Nearly half of neonatal therapeutics are used off-label, lacking adequate data on safety, efficacy, and appropriate dosing in this population.[1] Dosing in neonates is particularly challenging; neonatal physiology differs substantially compared with older children and adults, which affects important components of drug disposition, including drug absorption, distribution, metabolism, and excretion.[2] Adequate consideration of key differences is essential to ensure that therapeutic agents are safe and effective for this vulnerable population. Herein, we describe physiologic differences in neonatal drug absorption, distribution, metabolism, and elimination and provide examples that underscore the importance of these mechanisms in neonatal drug dosing.

Absorption

Drugs that are given by the oral route are absorbed through the mucosa of the gastrointestinal tract and may be influenced by numerous factors, including food or other drugs, luminal pH, gastric emptying time, and intestinal expression of transport proteins and drug-metabolizing enzymes. Compared with older children and adults, neonates have delayed gastric emptying time, decreased intestinal motility, and increased gastrointestinal wall permeability.[2] Such physiology contributes to high variability in absorption.
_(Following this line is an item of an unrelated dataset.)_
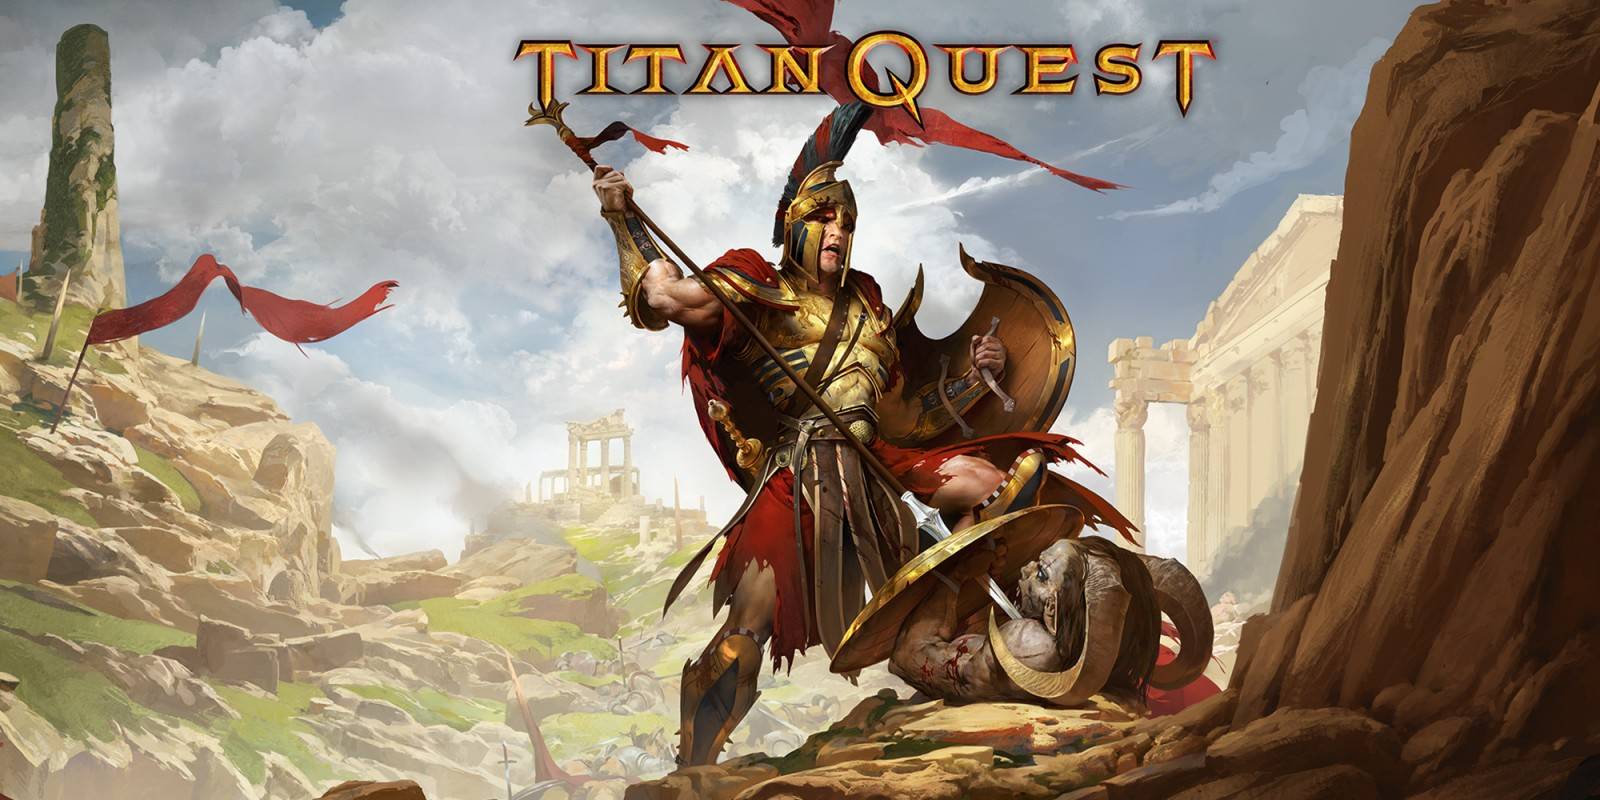 La version de móviles de Titan Quest se actualiza para darnos soporte a controles de consola de manera nativa.

In addition, the alkaline pH in neonates results in increased bioavailability of acid-labile drugs (e.g., penicillins) and unexpectedly low bioavailability of weakly acidic drugs (e.g., phenobarbital and phenytoin).[3]

Transdermal application of drugs is increased in neonates due to a thinner stratum corneum, increased skin perfusion, and higher body surface area compared with body mass.[4] Neonates also have higher proportions of total body and extracellular water and lower proportions of fat and muscle per body mass, resulting in greater absorption of intramuscular and percutaneous drugs that are water soluble.[2] Greater absorption generally leads to higher plasma concentrations and increased risk for toxicity. Alternatively increased transdermal absorption can be leveraged to minimize more invasive methods of administration. In 20 infants, ≤ 30 weeks gestational age (GA) transdermal theophylline gel resulted in adequate blood levels for up to 70 hours.[5]

Distribution

In addition to its effect on drug absorption, body composition markedly contributes to drug distribution. Water constitutes approximately 80% of total body mass in neonates and declines to the adult value of 60% within the first year of life, resulting in increased volume of distribution of water soluble drugs in neonates relative to adults, and lower drug concentrations in plasma.[2] In addition, lower protein concentrations and lower affinity for drug binding in neonates compared with older children and adults can result in greater drug effect at a lower dose.[2] Furthermore, after the first week of life, bilirubin has increasing affinity for albumin; hyperbilirubinemia, a common finding in this population, can further limit drug–protein binding and enhance concentrations of unbound drug.[6]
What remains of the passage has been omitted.